A code-reasoning model fine-tuned with RL on competitive programming tasks. Generated code is executed in a sandbox (SandboxFusion or Modal) and scored by test-case pass rates. Based on the DeepCoder pipeline.

Prerequisites

uv pip install tinker-cookbook

For Modal sandboxing:

uv pip install 'tinker-cookbook[modal]'
modal token new

For SandboxFusion (default), start a local Docker sandbox:

docker run -it -p 8080:8080 \
    -v ${TINKER_COOKBOOK_ROOT}/tinker_cookbook/recipes/code_rl/sandbox_config/local.yaml:/root/sandbox/sandbox/configs/local.yaml \
    volcengine/sandbox-fusion:server-20250609
export SANDBOX_URL=http://localhost:8080/run_code

Key concepts

Sandboxed execution — generated code runs in isolated containers for safe evaluation
Test-case grading — reward is based on passing hidden test cases for each problem

Run it

python -m tinker_cookbook.recipes.code_rl.train \
    model_name=Qwen/Qwen3-4B-Instruct-2507 \
    group_size=8 \
    groups_per_batch=128 \
    learning_rate=4e-5 \
    lora_rank=32 \
    max_tokens=24576

To use Modal instead of SandboxFusion, add sandbox_backend=modal.
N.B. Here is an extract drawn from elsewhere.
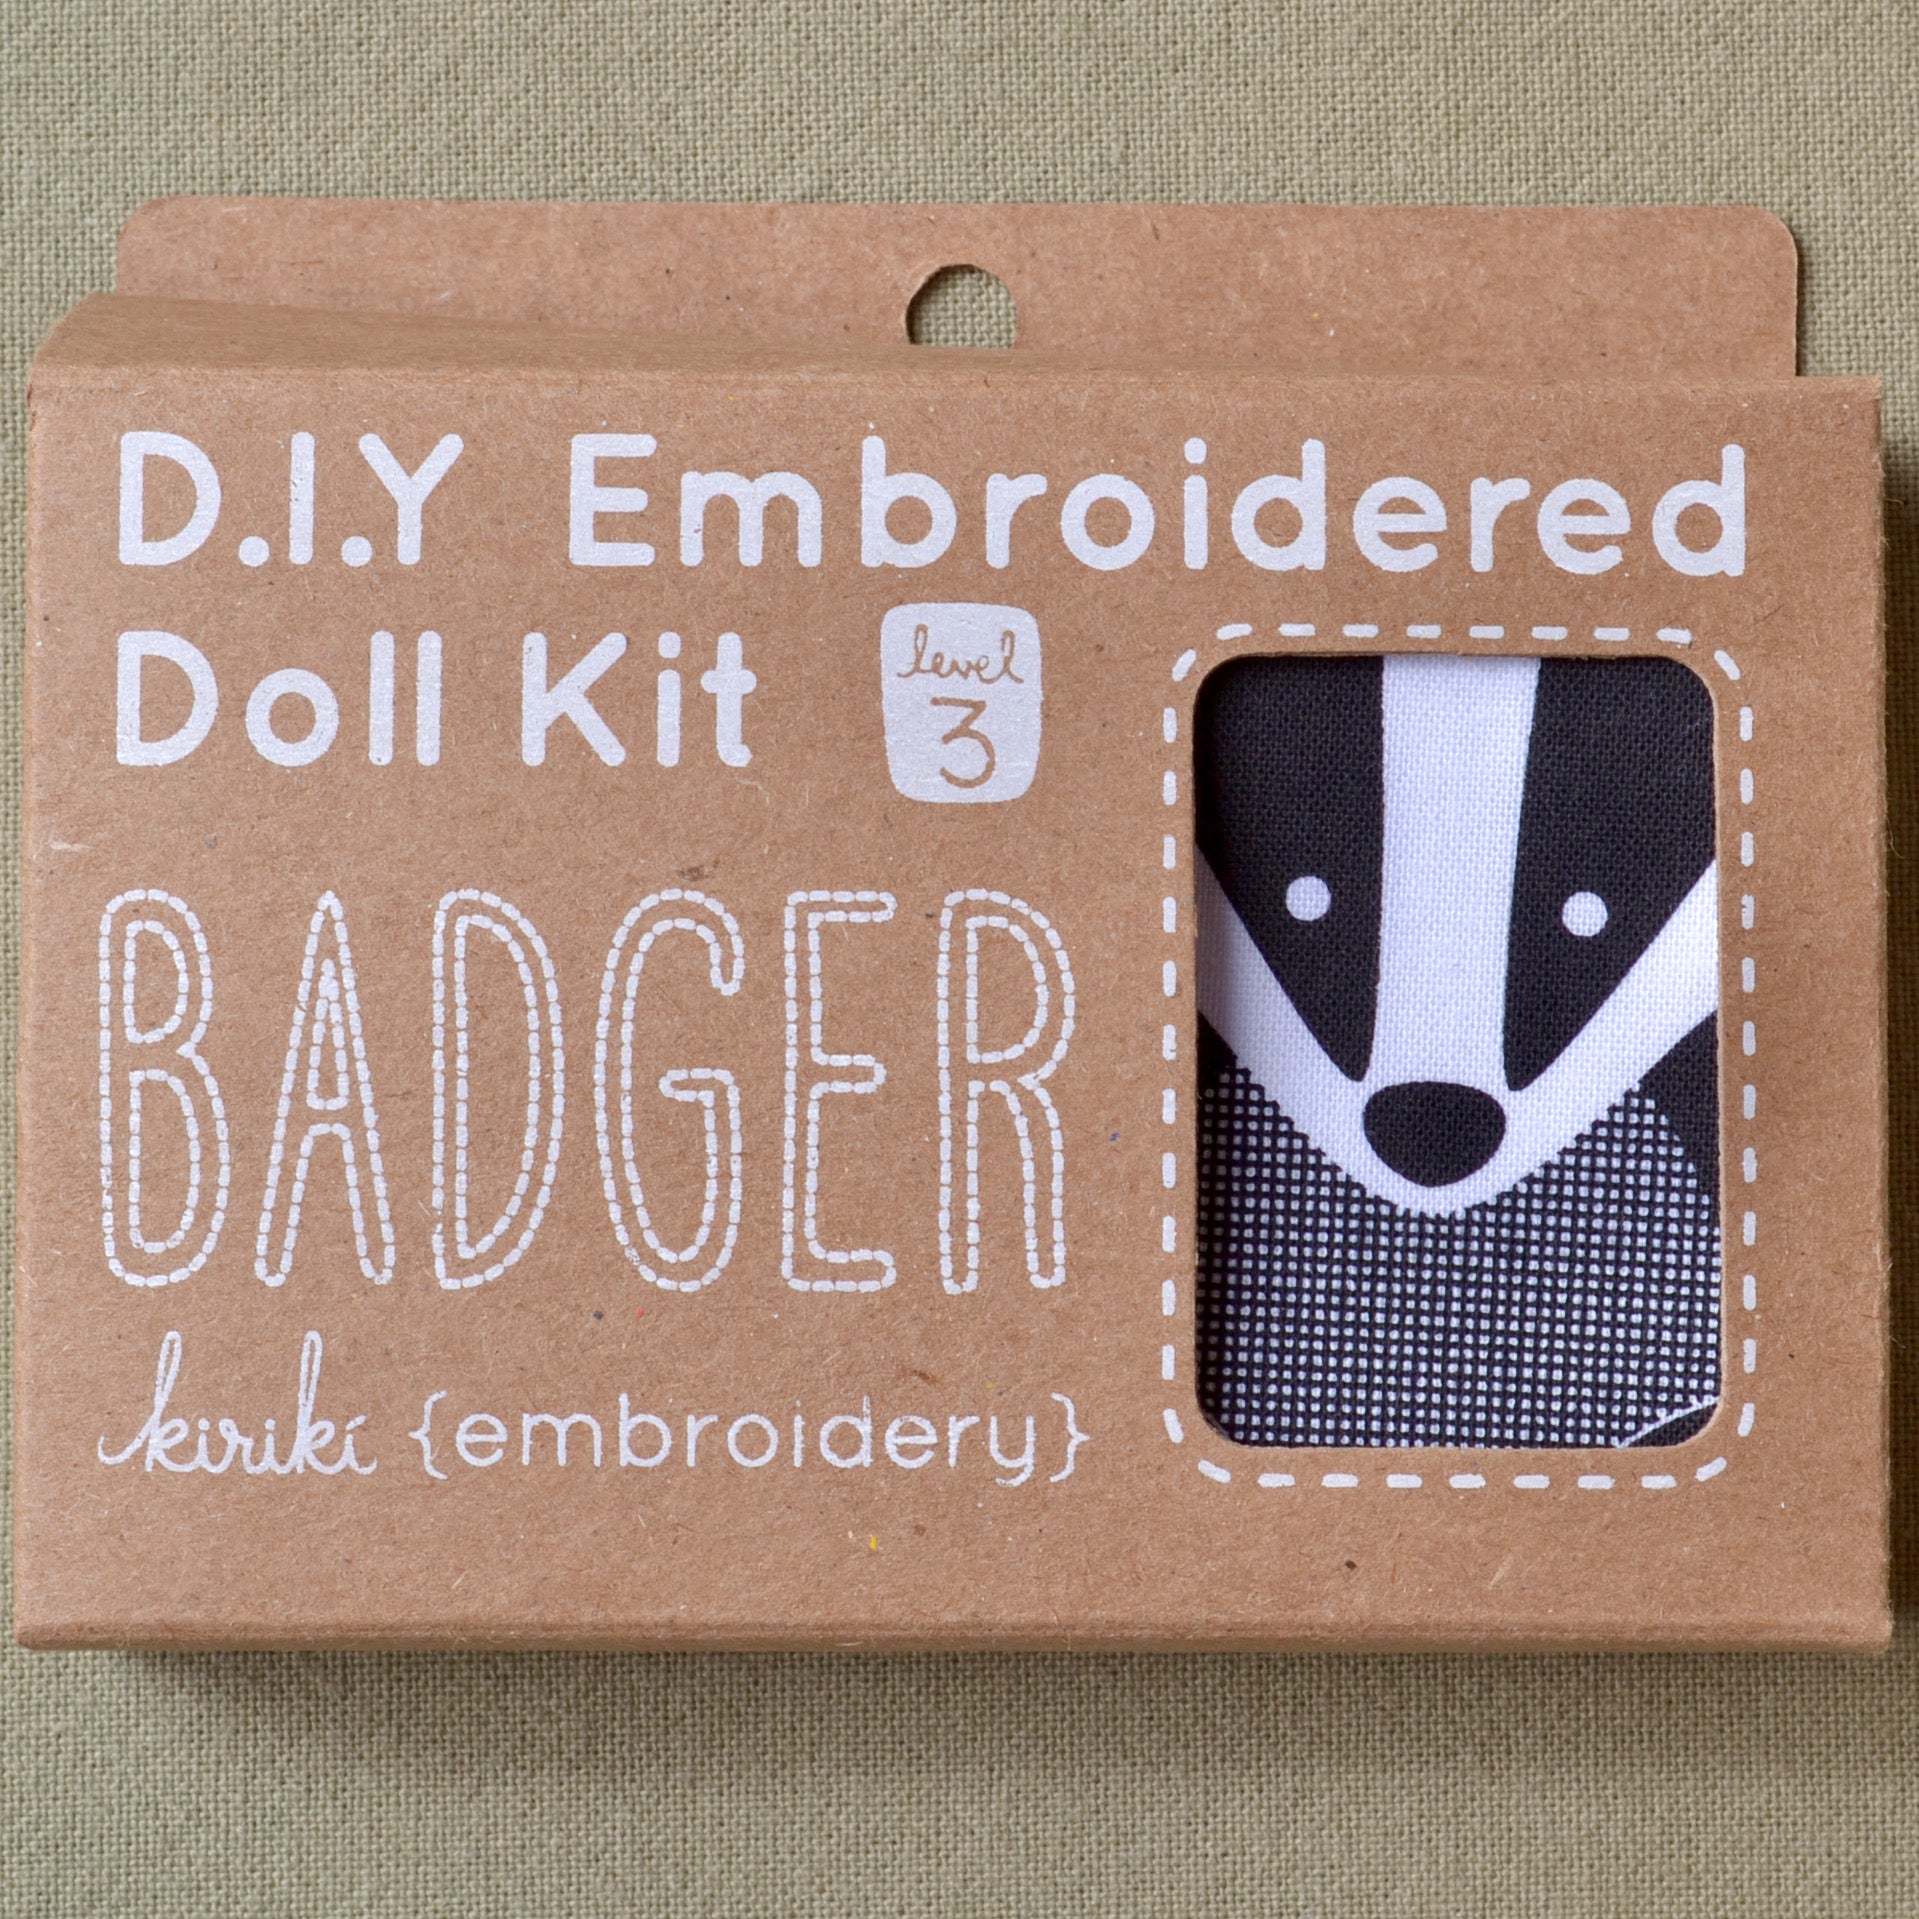 Embroidery Kit, Badger
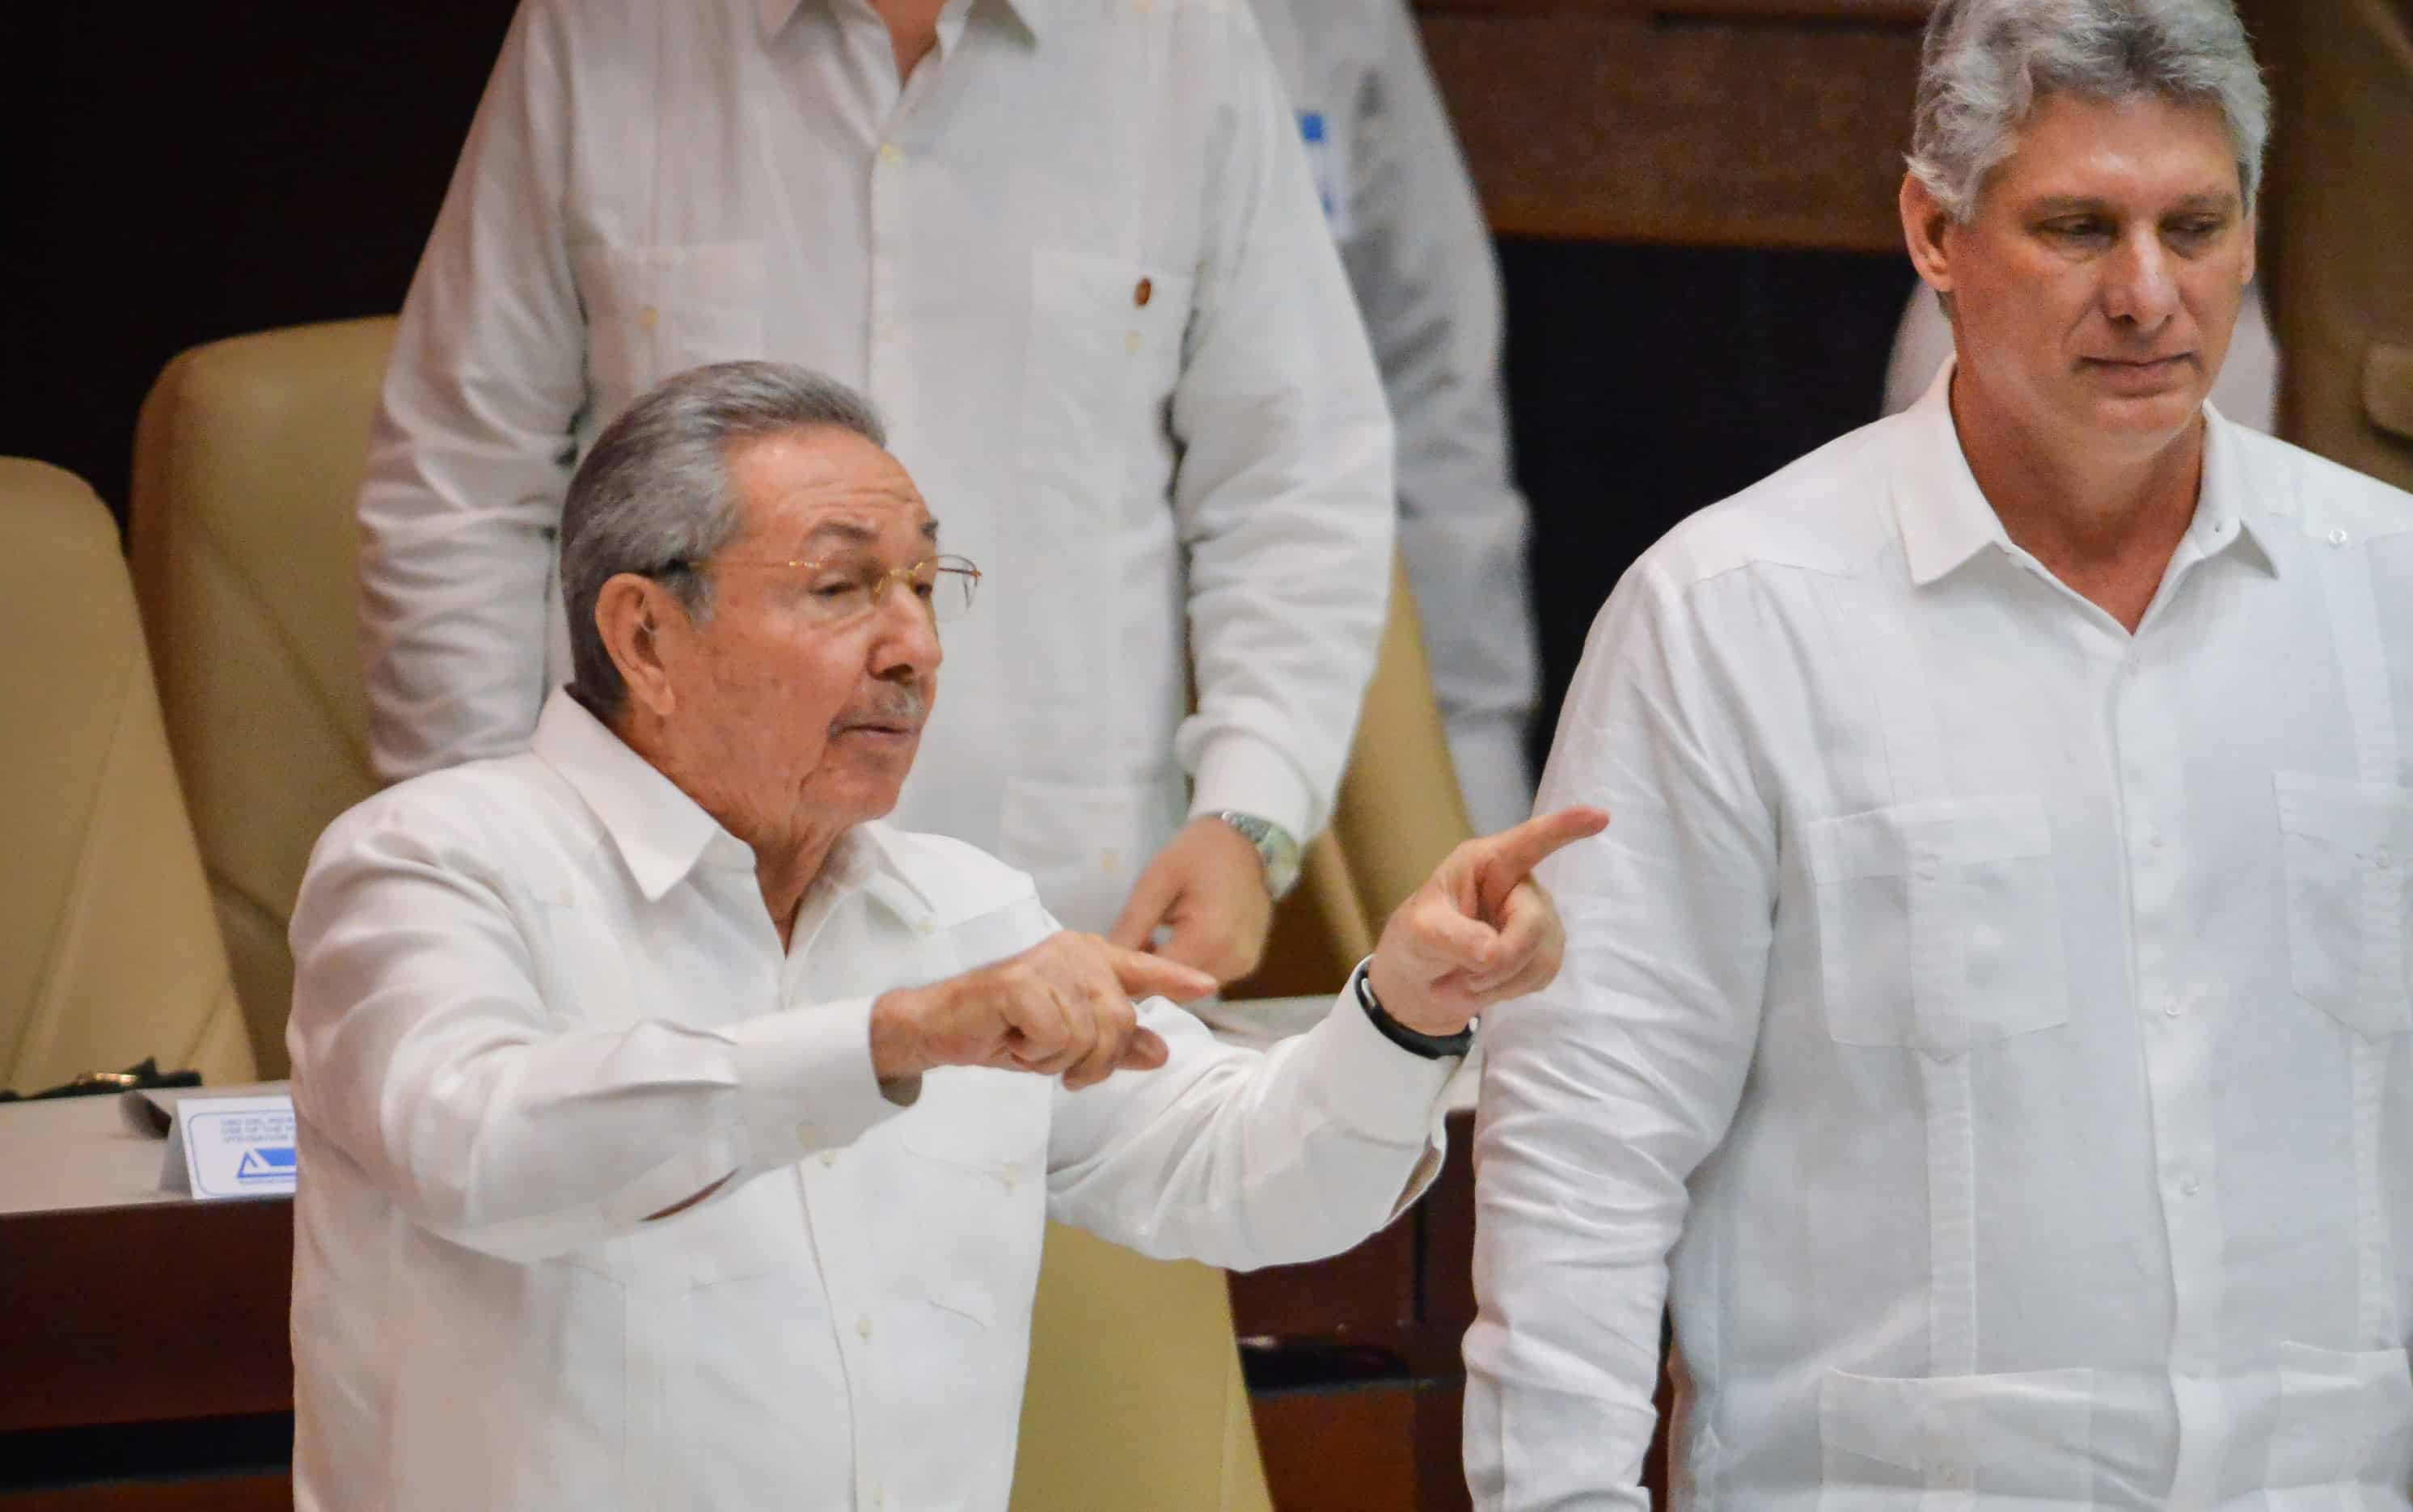 Cuban President Raúl Castro, left, gestures next to first Vice President Miguel Díaz-Canel at the end of the annual session of parliament on Dec. 20, 2014 in Havana.

Optional environment variables for Modal:

MODAL_POOL_SIZE: Number of concurrent sandboxes (default: 32)
MODAL_CREATION_RATE_LIMIT: Max sandboxes created per second (default: 4)

The training dataset is a composite of three sources: primeintellect, taco, and lcbv5 (LiveCodeBench v5), providing broad coverage of competitive programming problems.

Expected results

After 100 steps on LiveCodeBench v6 (2025.02-2025.05):

Model	Pass@1	Pass@8
Qwen3-4B-Instruct-2507 (before)	33.8%	44.3%
Qwen3-4B-Instruct-2507 (after)	42.7%	55.0%